▸ **Work to complete**:
Repeat, word for word, all the data that follows, and exclude the pictures.

▸ **Provided data**:
━━━

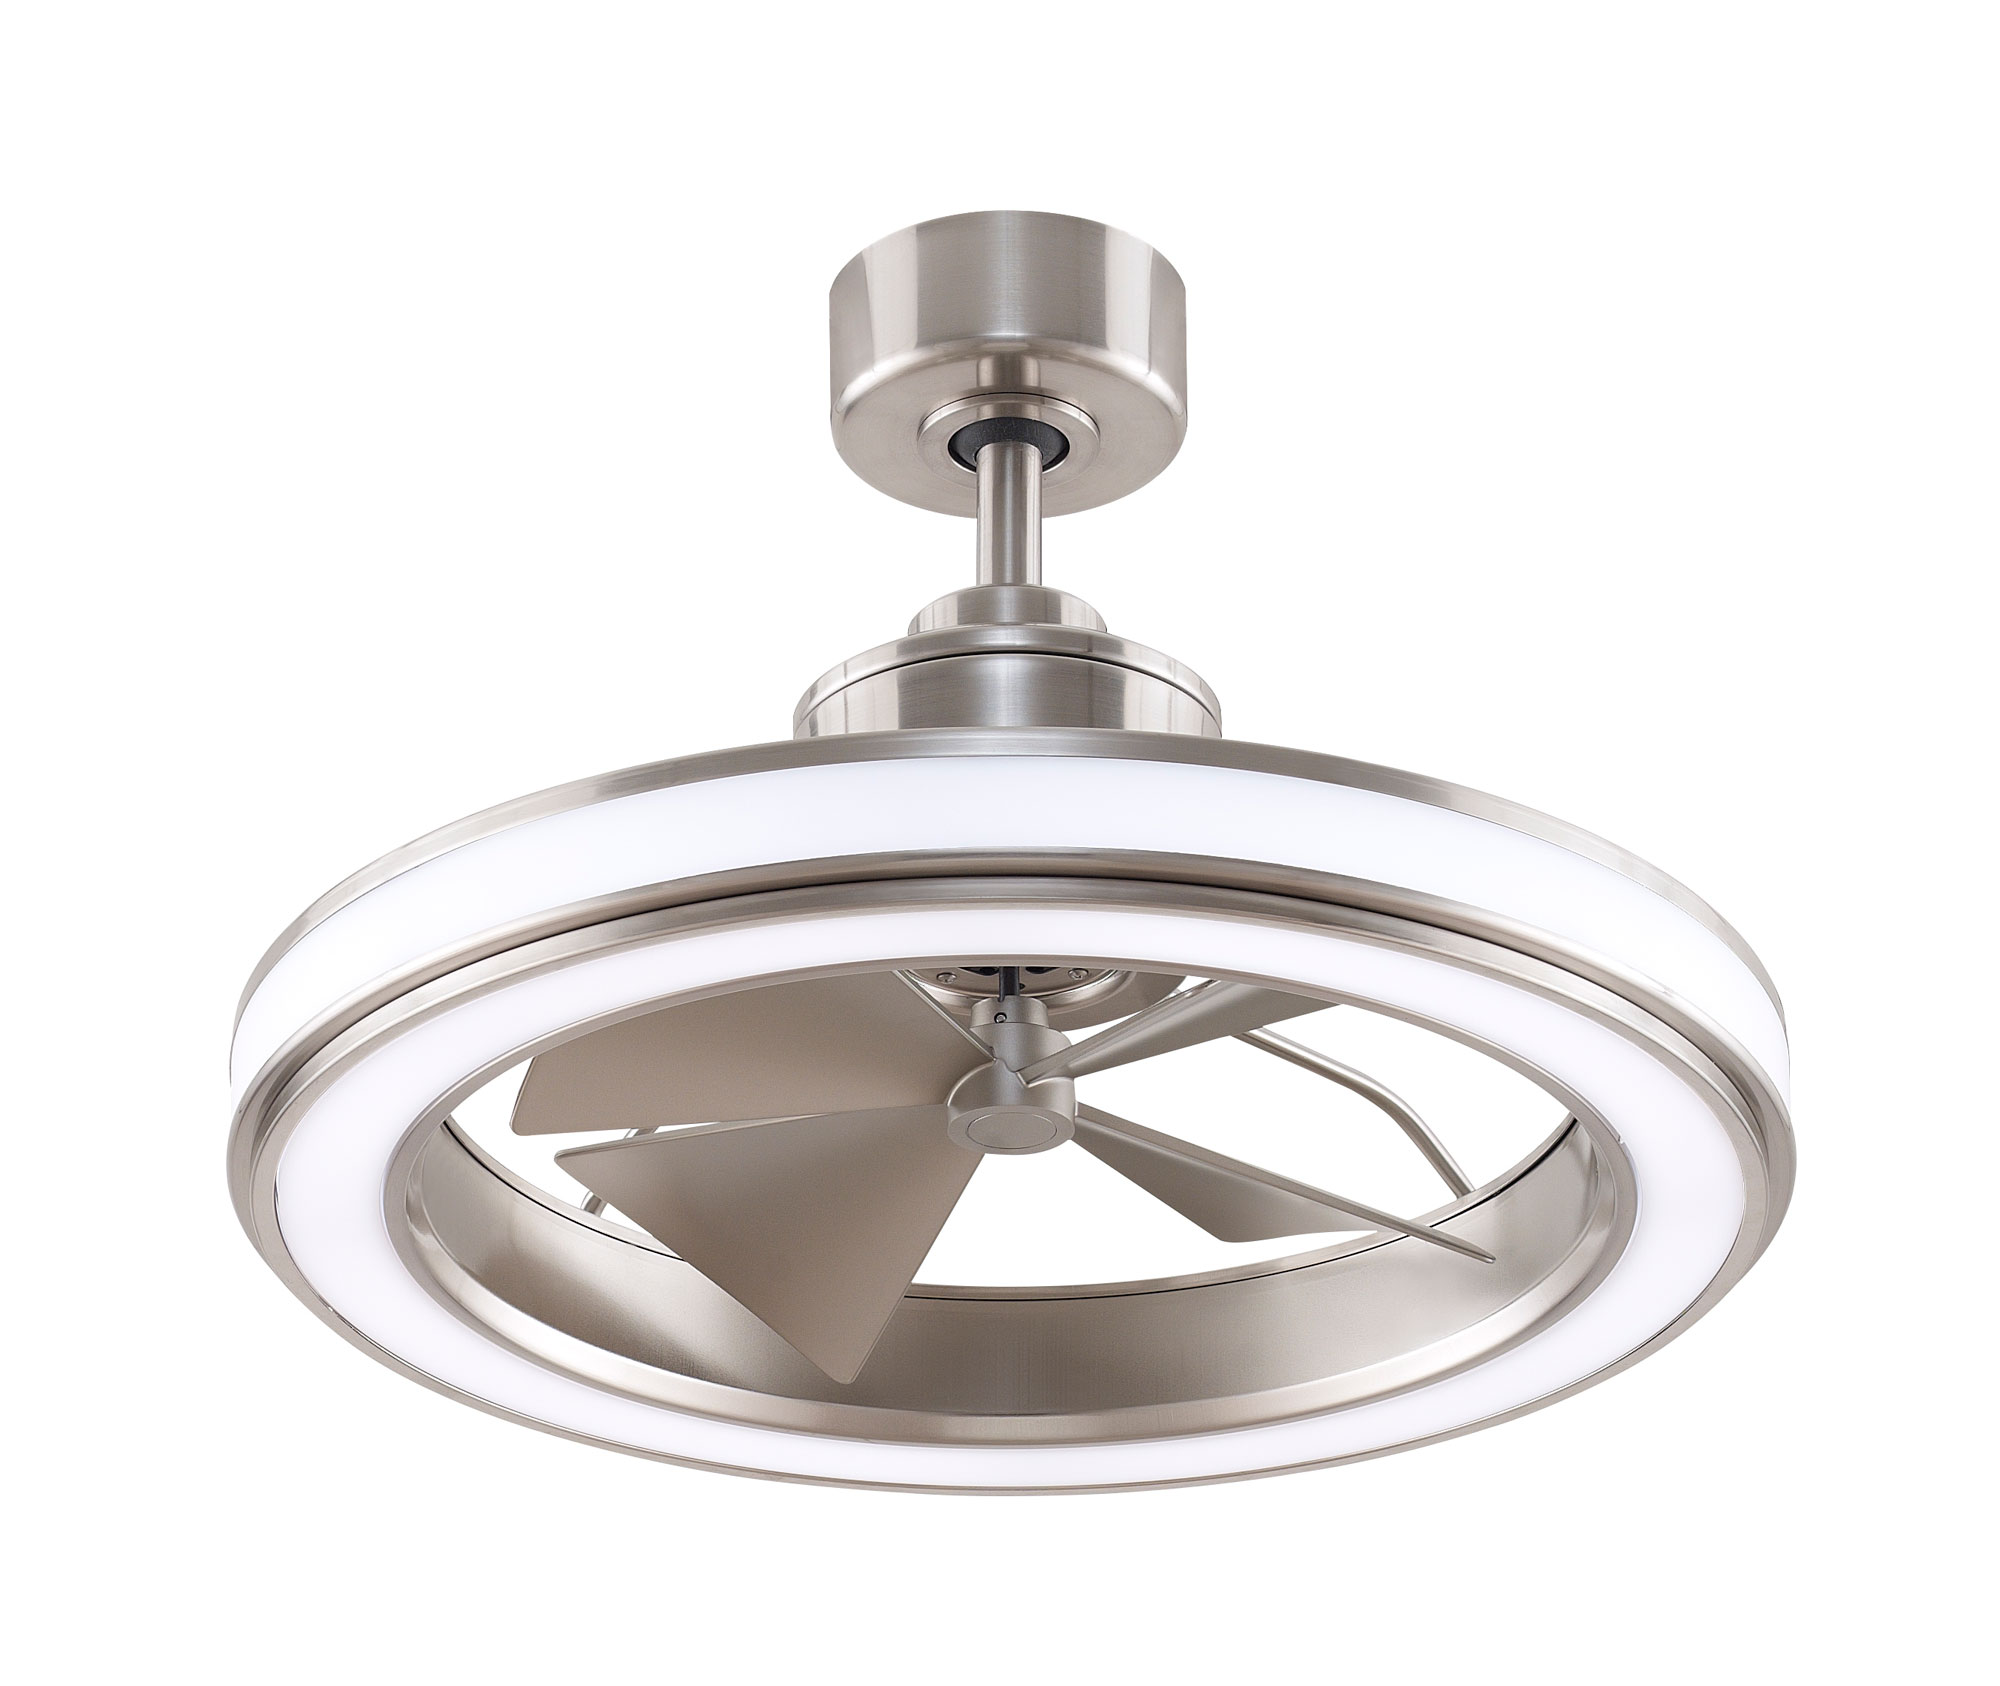 Gleam Indoor / Outdoor Ceiling Fan with Light by Fanimation | FP8404BN |  FAN831838
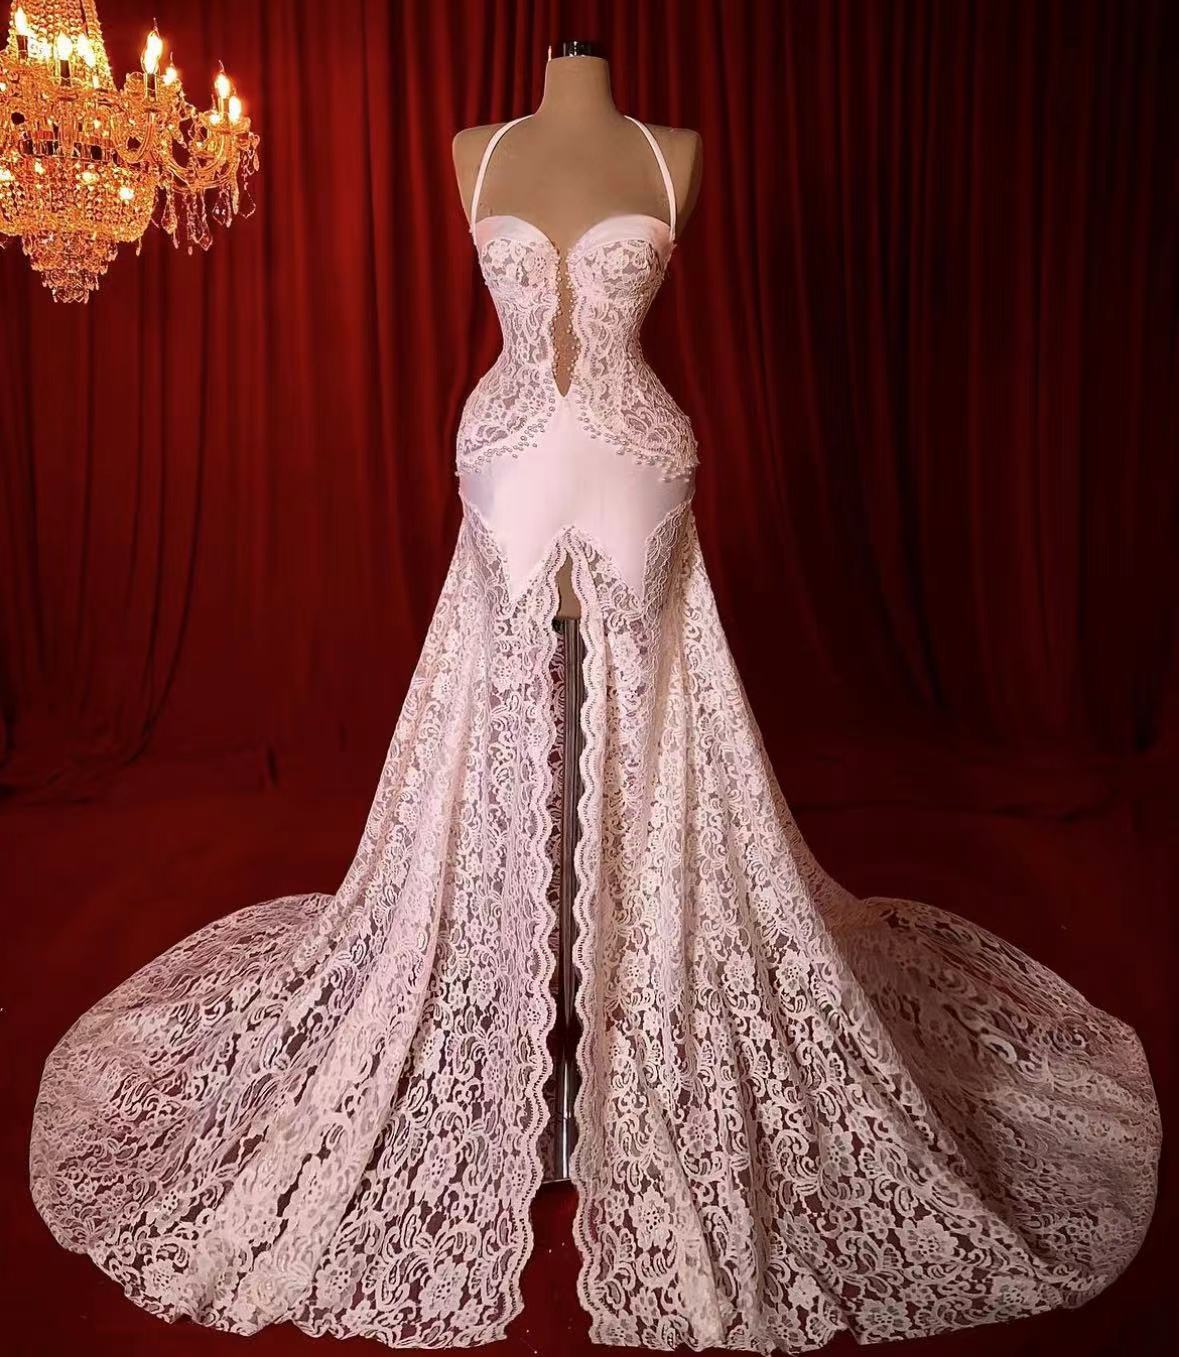 Lace Applique Wedding Dresses, Elegant Wedding Dresses, Halter Bridal Dresses, Vestidos De Novia, Casamento, A Line Wedding Dresses, Robes De
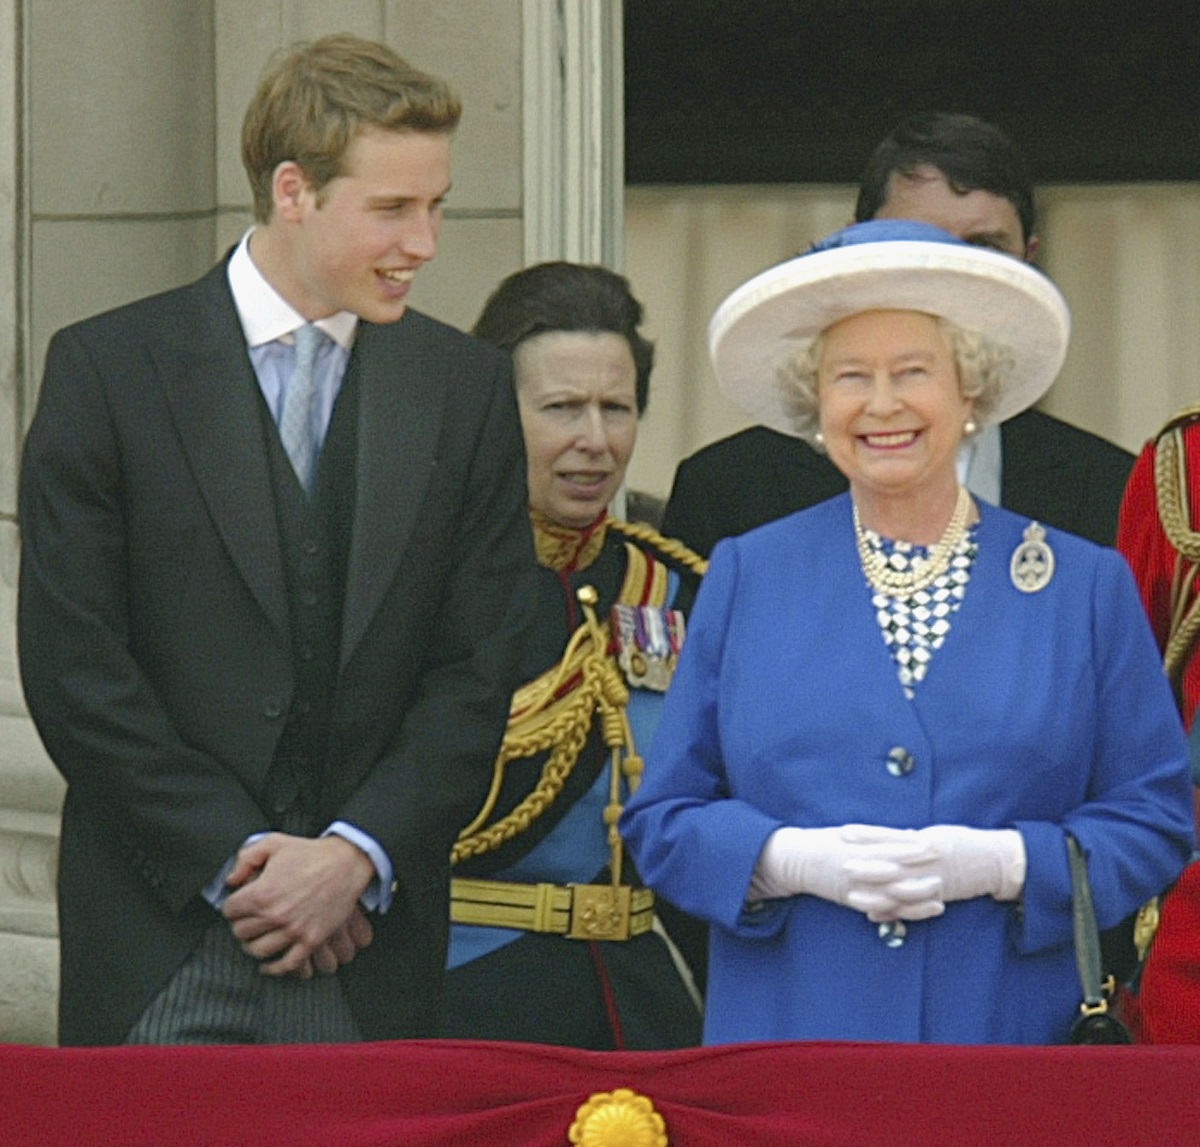 Prințul William la costum negru alături de Regina Elisabeta îmbrăcată în costum albastru și purtând mănuși și pălărie albă în timp ce privesc de la balcon ceremonia Trooping the Colour din 2003

━━━

▸ **Exercise response**:
 Gleam Indoor / Outdoor Ceiling Fan with Light by Fanimation | FP8404BN |  FAN831838
 Lace Applique Wedding Dresses, Elegant Wedding Dresses, Halter Bridal Dresses, Vestidos De Novia, Casamento, A Line Wedding Dresses, Robes De
 Prințul William la costum negru alături de Regina Elisabeta îmbrăcată în costum albastru și purtând mănuși și pălărie albă în timp ce privesc de la balcon ceremonia Trooping the Colour din 2003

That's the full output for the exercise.